> [Brief]
Could you repeat the listing exactly, leaving out the pictures?

─── Exercise data

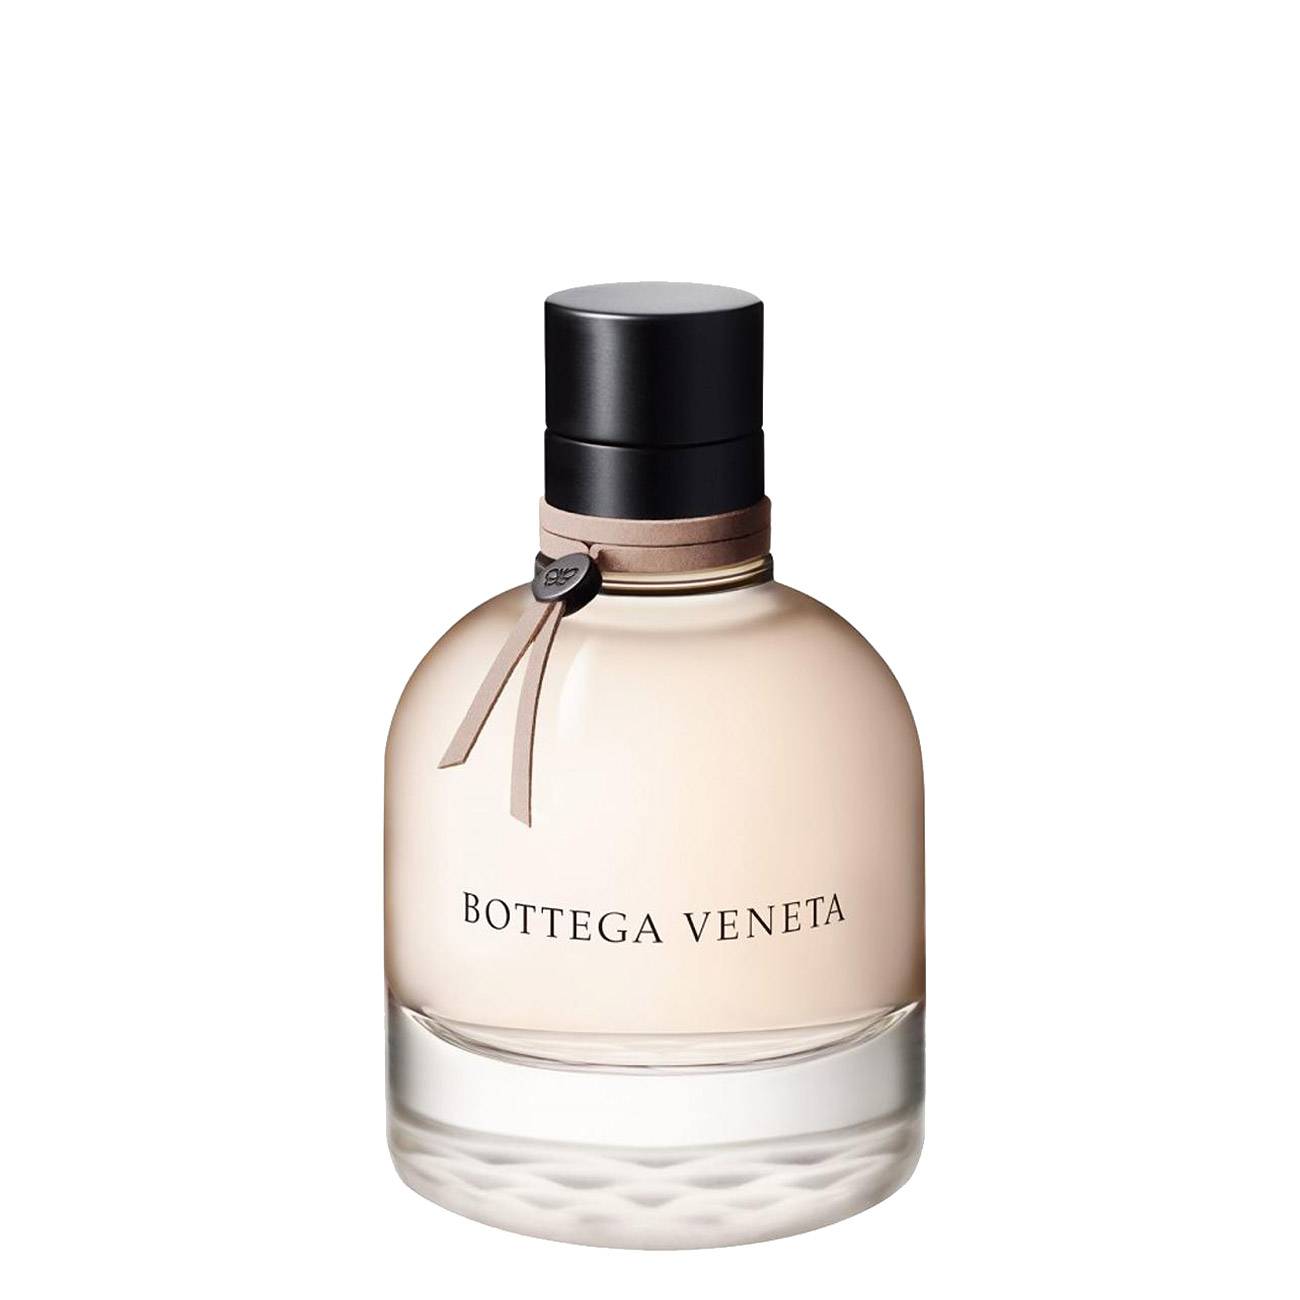 Apa de Parfum Bottega Veneta BOTTEGA VENETA 75ml cu comanda online
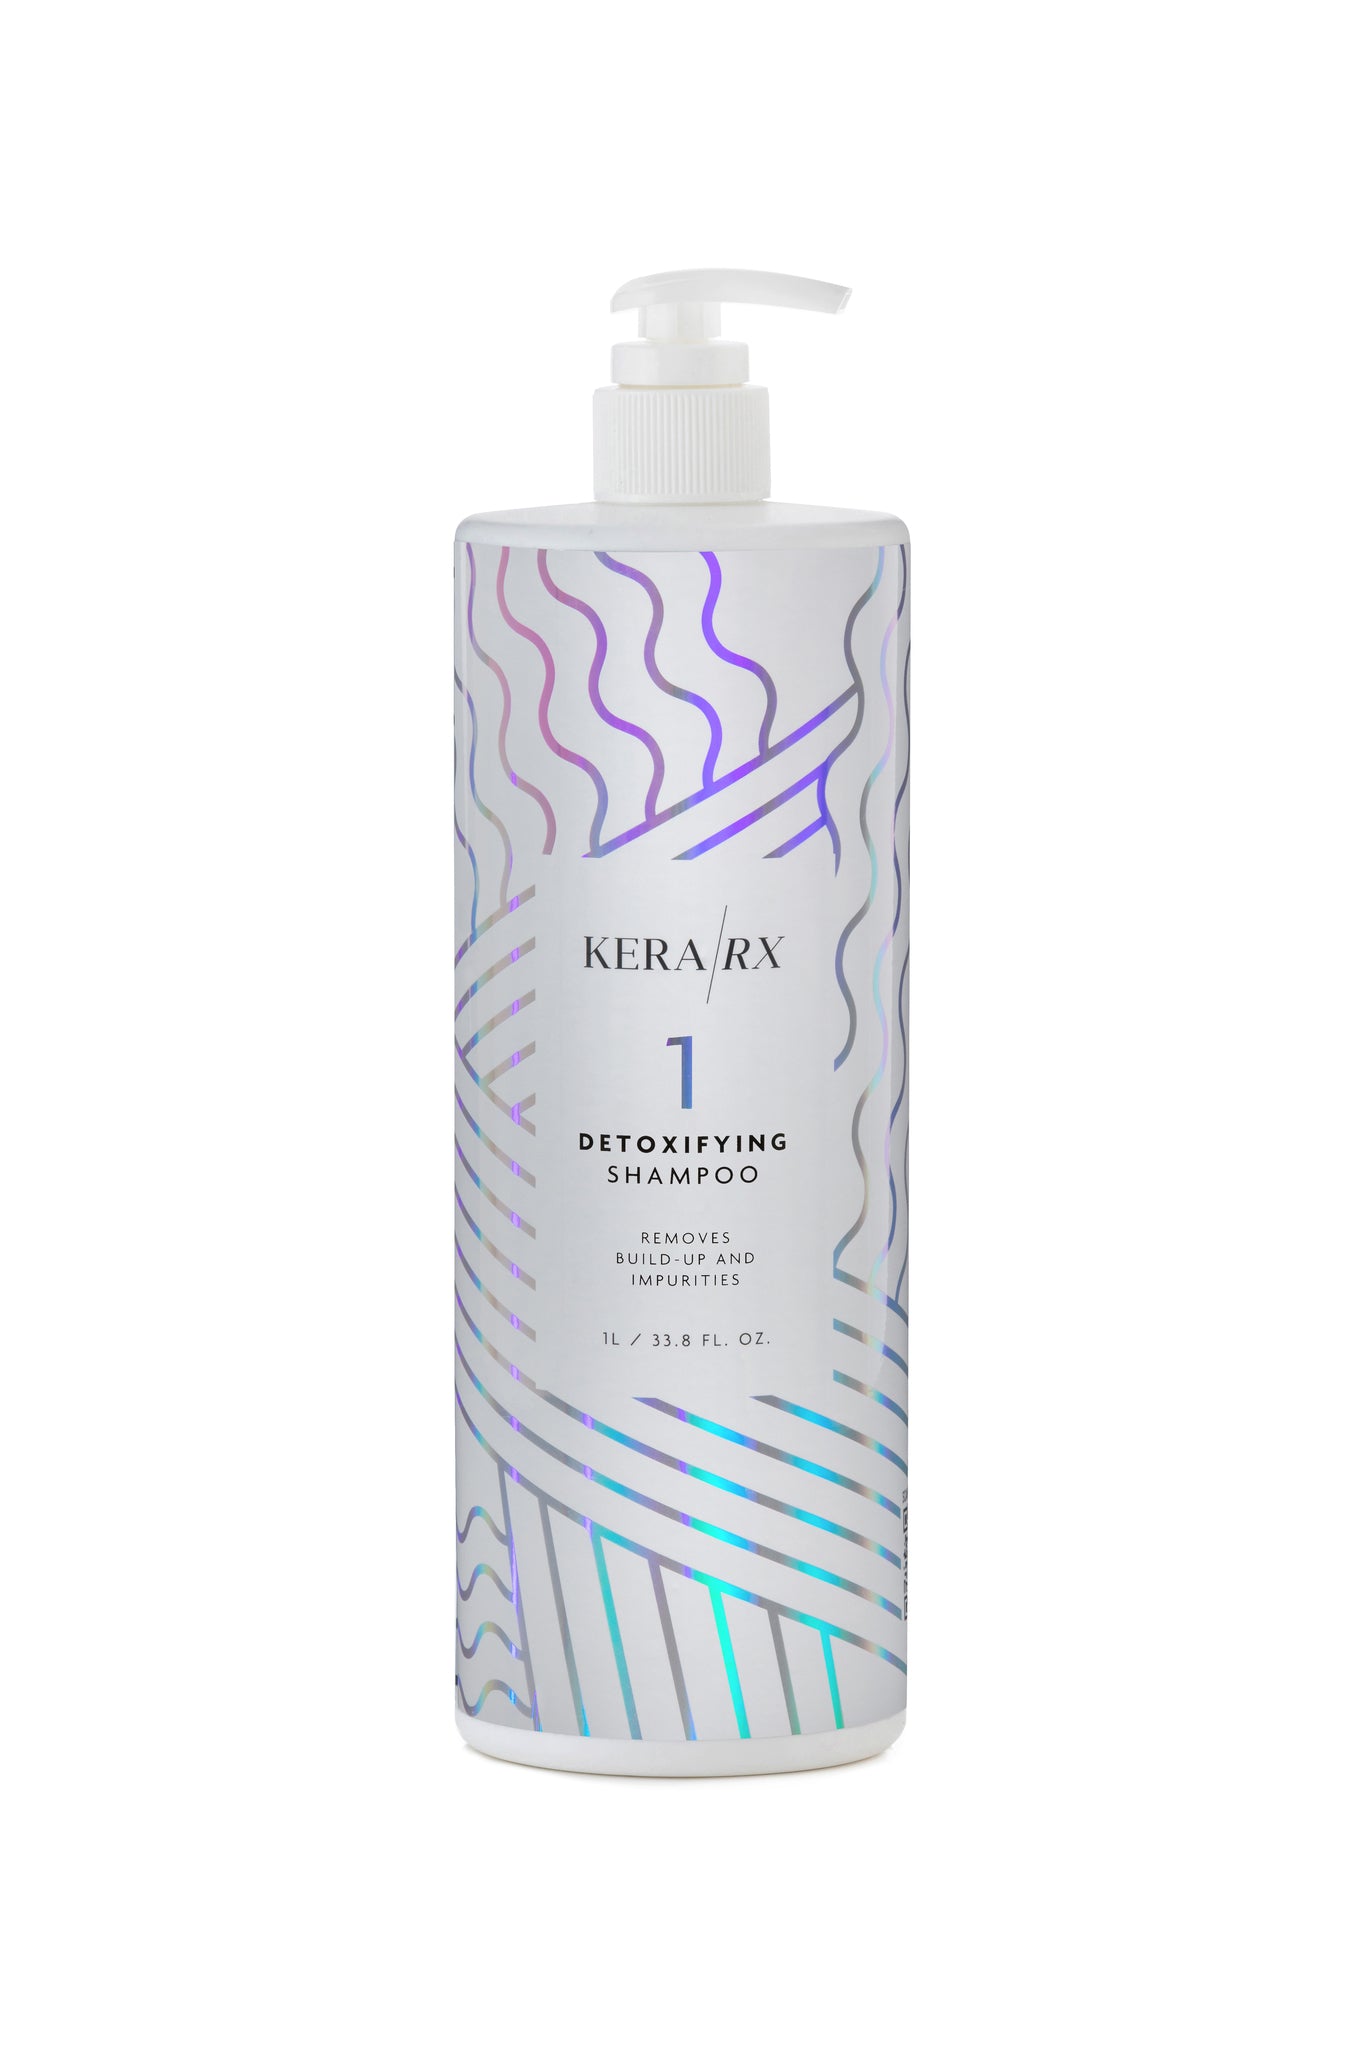 Detoxifying Shampoo | Kera/RX Haircare
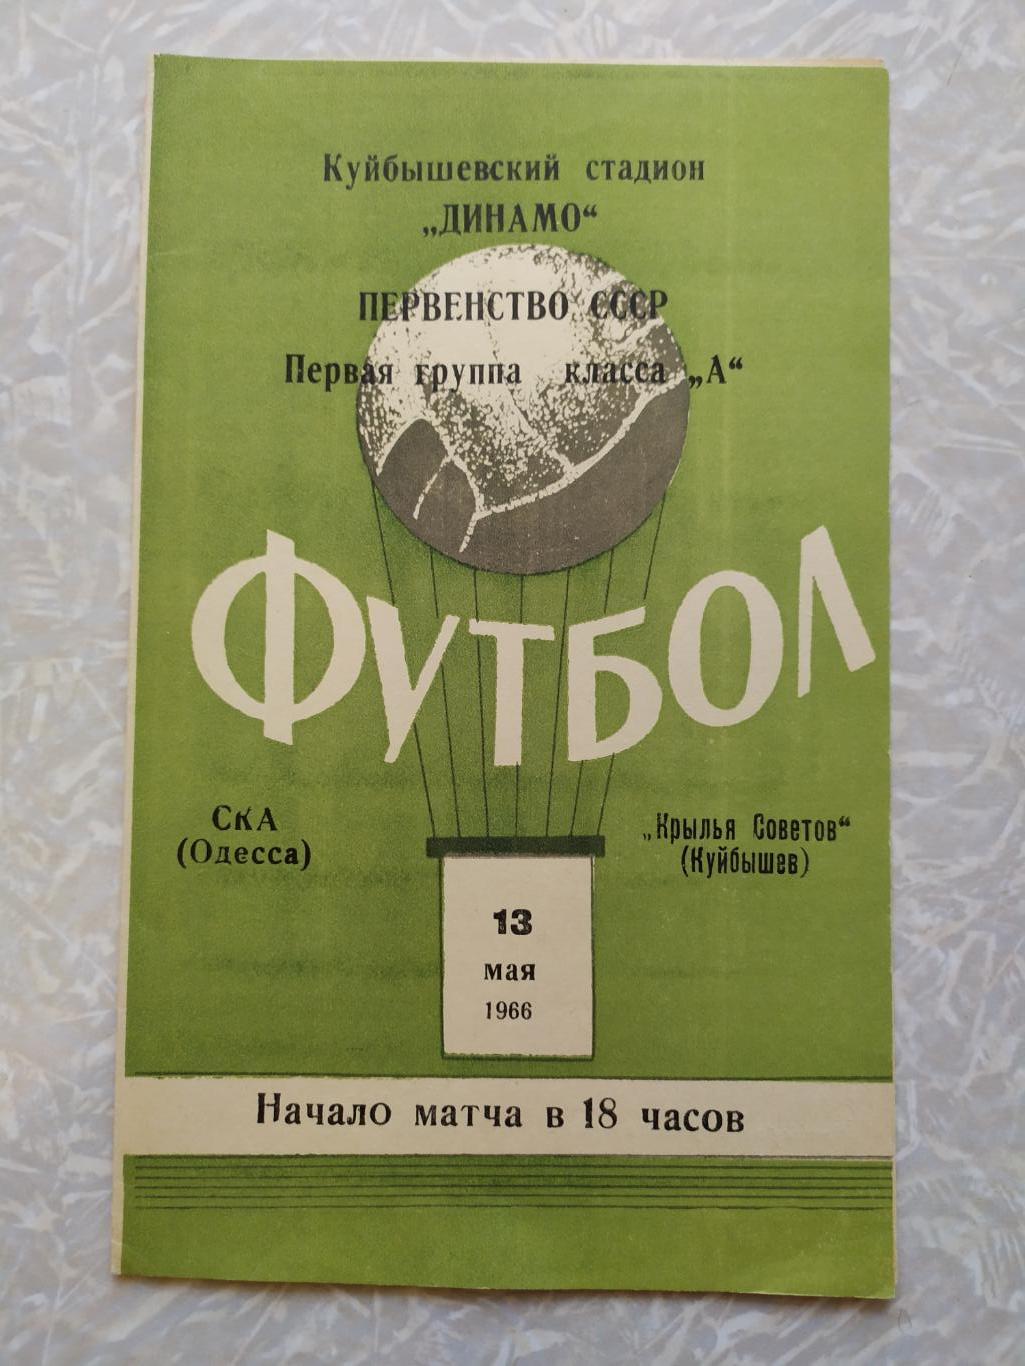 Крылья Советов -СКА Одесса 13.05.1966
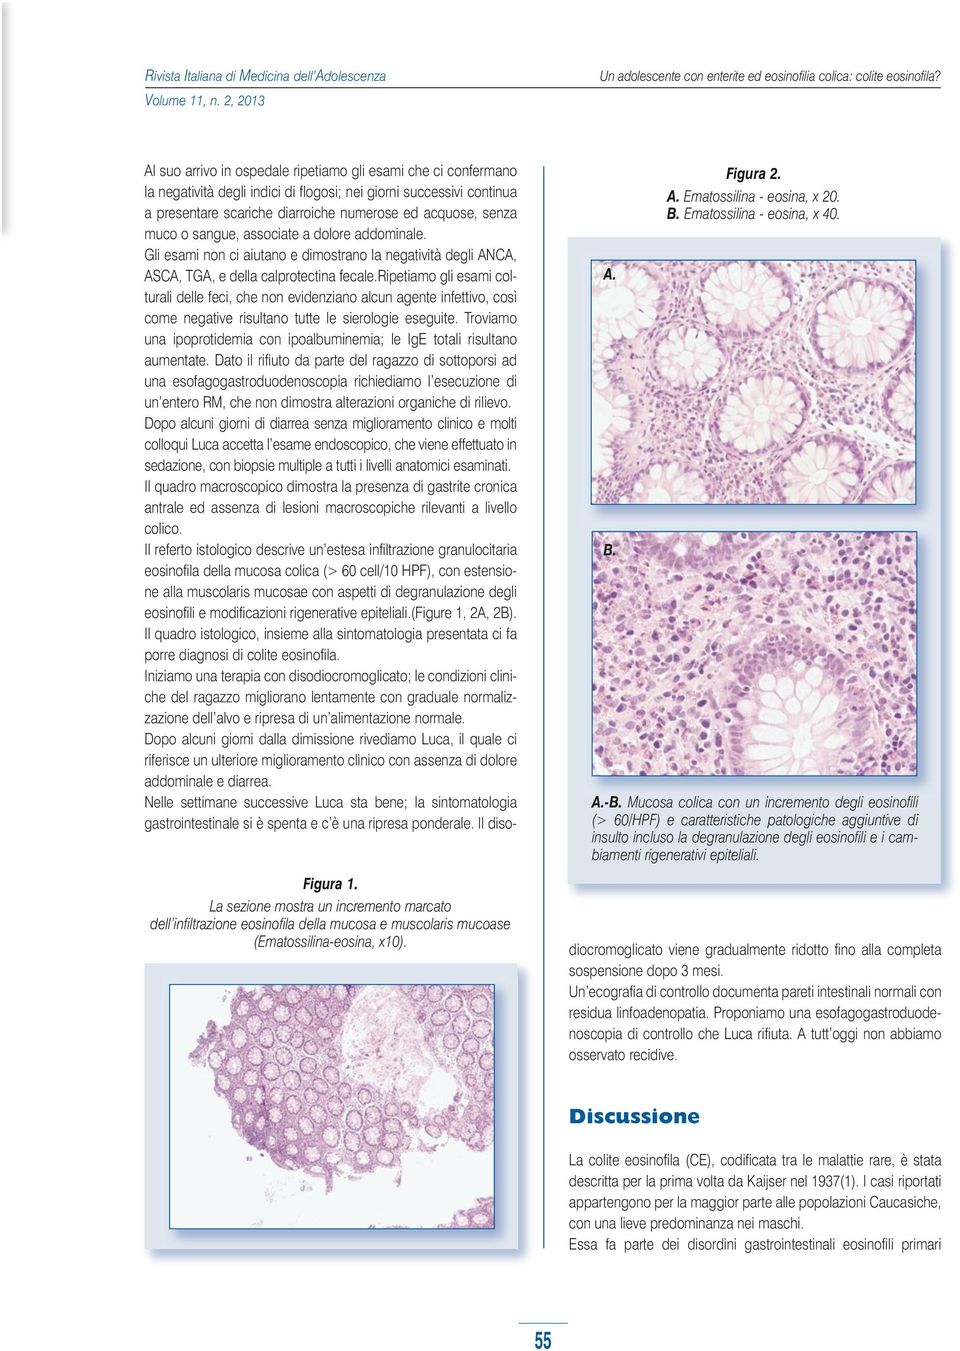 A.-B. Mucosa colica con un incremento degli eosinofili (> 60/HPF) e caratteristiche patologiche aggiuntive di insulto incluso la degranulazione degli eosinofili e i cambiamenti rigenerativi

──────

> [Solution for this exercise]
 Apa de Parfum Bottega Veneta BOTTEGA VENETA 75ml cu comanda online
 Detoxifying Shampoo | Kera/RX Haircare
 Крылья Советов -СКА Одесса 13.05.1966
 A.-B. Mucosa colica con un incremento degli eosinofili (> 60/HPF) e caratteristiche patologiche aggiuntive di insulto incluso la degranulazione degli eosinofili e i cambiamenti rigenerativi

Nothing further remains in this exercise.